The Four-Step Customer Development Process
While customer development was far from being fully fleshed out in Steve Blank’s first book, the four steps it defined continue to be the cornerstone upon which good customer development is built upon. The key advantage of basing a strategy on these four steps is the simplicity it provides. This simplicity makes it easier to avoid many of the common pitfalls we discussed earlier.
The four steps Blank recommends are:
- Customer Discovery
This step of the process involves capturing the vision of the business or product founder and turning it into a series of business model hypotheses. Armed with these hypotheses, you can develop a plan to test customer reactions to them and turn your findings into facts.
- Customer Validation
The customer validation step subjects each business model derived from discovery to validation tests that check whether it is repeatable and scalable. If none of the business models yields good results, the process returns to the previous discovery step.
- Customer Creation
The customer creation step marks the start of executing on a business model that passes customer validation. During this phase, your organization focuses on building end-user demand, which it can leverage into the sales channel to scale the product or business.
- Company Building
In the final company-building step of the process, the organization shifts away from the startup paradigm of validating business models. This transition progresses into developing a business plan based on the validated model.
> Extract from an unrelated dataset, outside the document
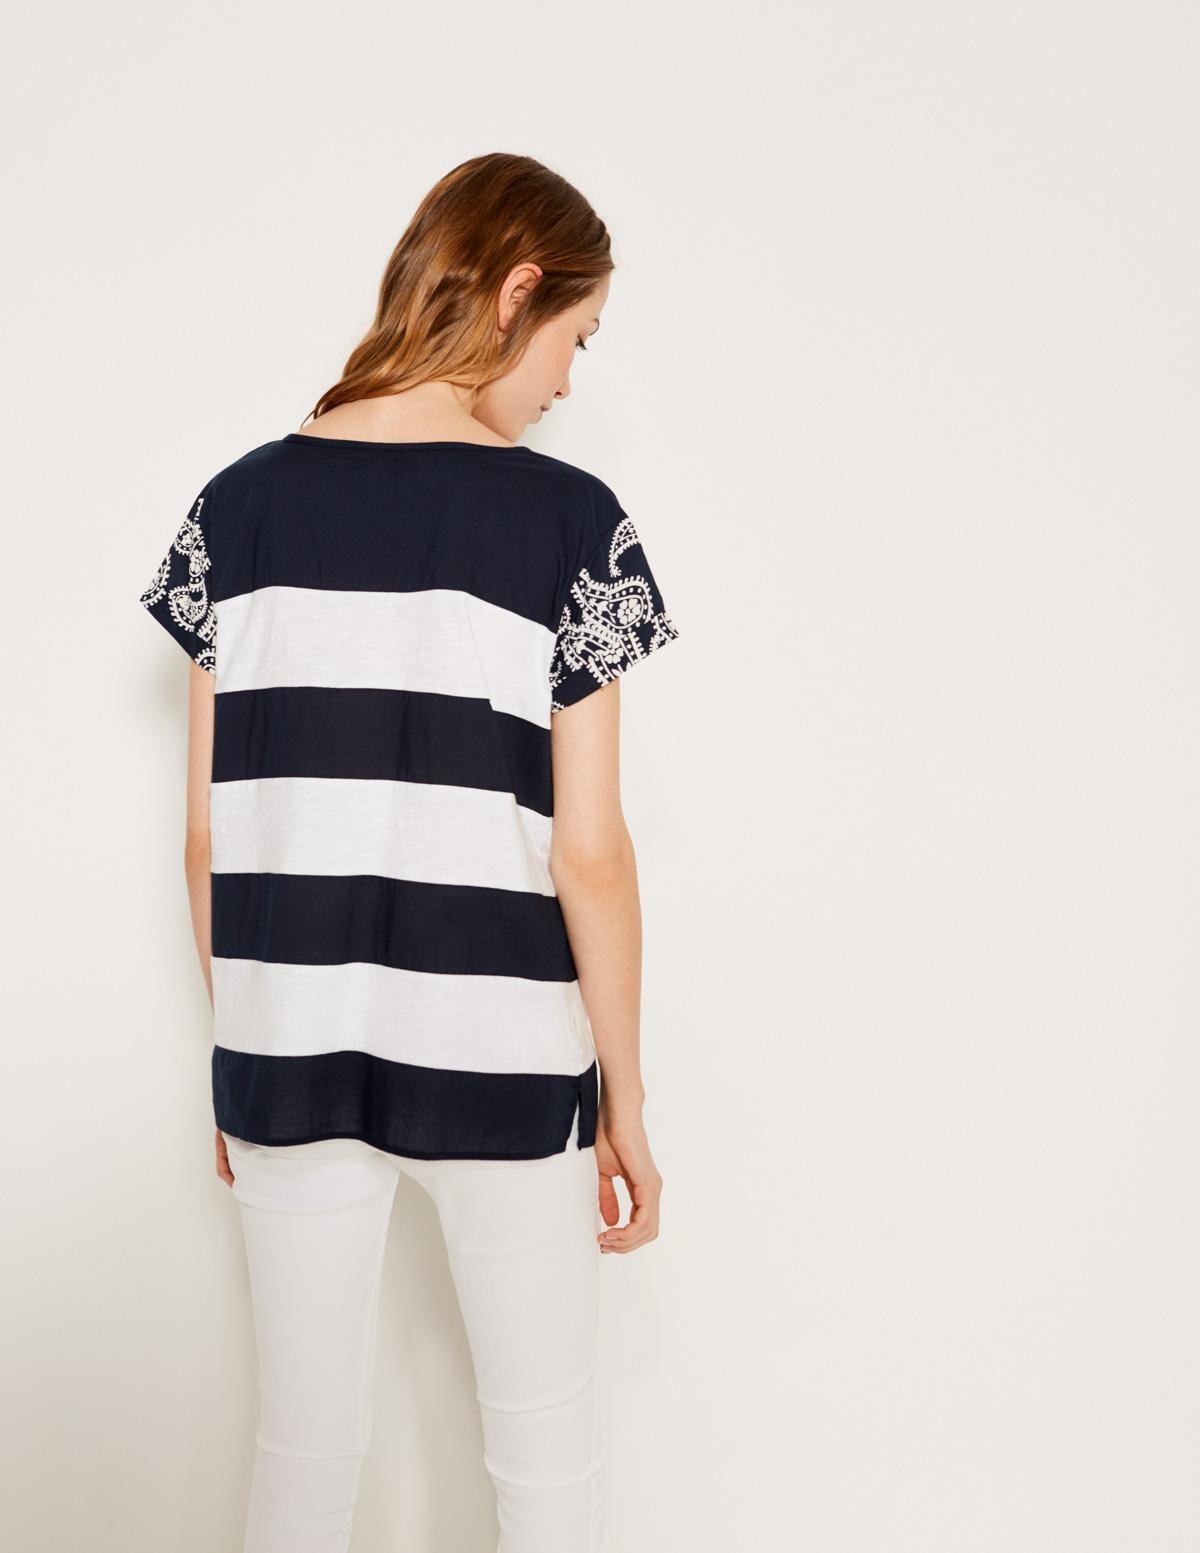 Camiseta mangas contraste - Ítem2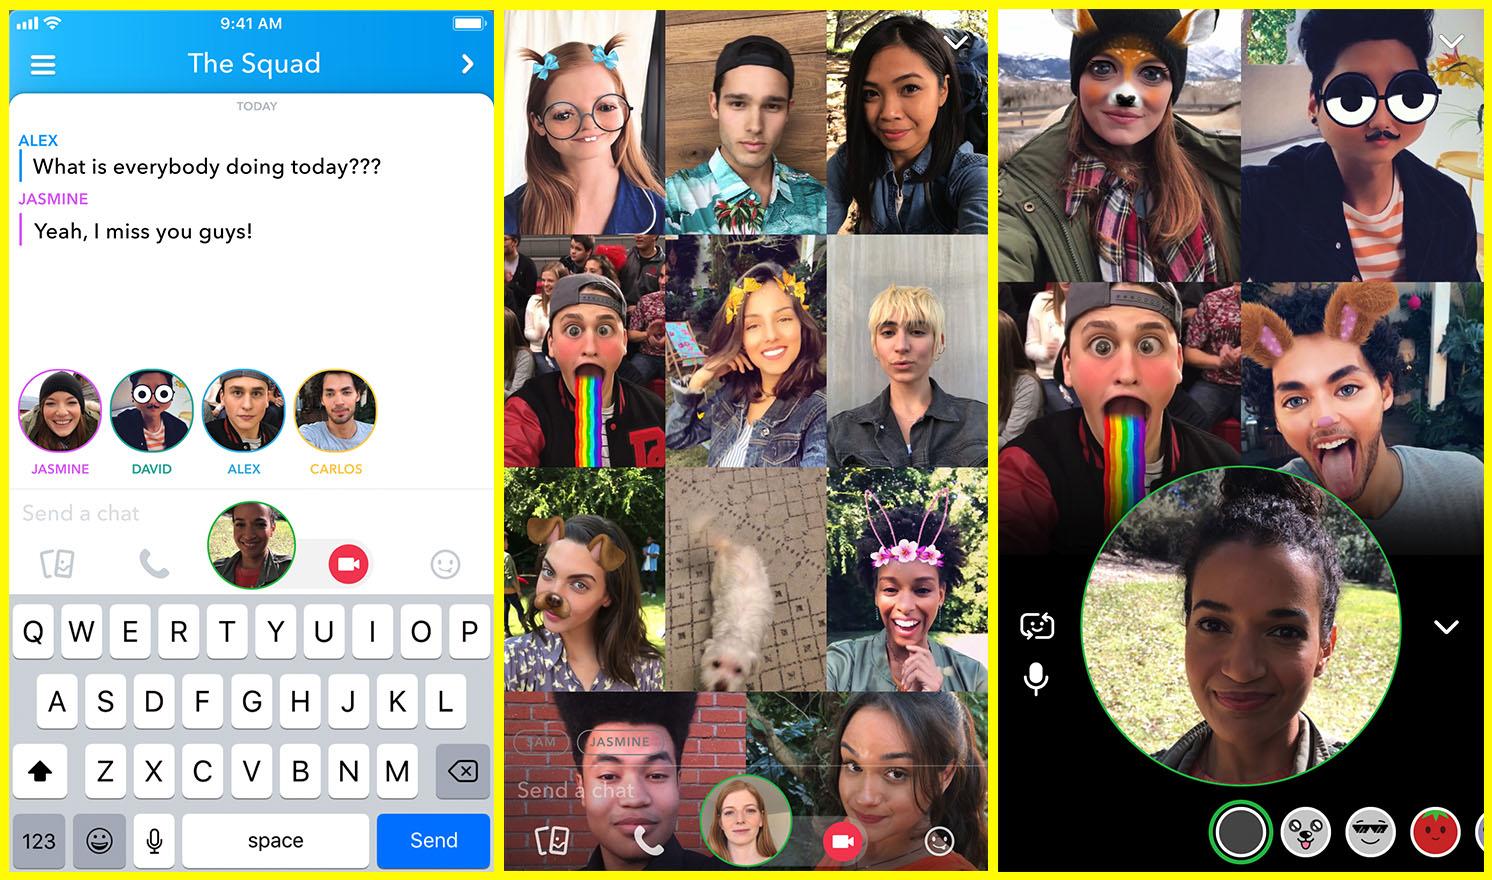 Three screenshots of group calling interface in Snapchat

The process begins anew after this step to validate new models that can enrich the organization’s business plan.
Addressing Customer Needs Yields Relevant Products
By creating a product or business based on need, customer development promises to create products that resonate with their users. With this frame of mind, startups can improve their chances of not only surviving in a competitive market but also thriving. When used wisely, it can be the key ingredient for driving your product toward unprecedented success.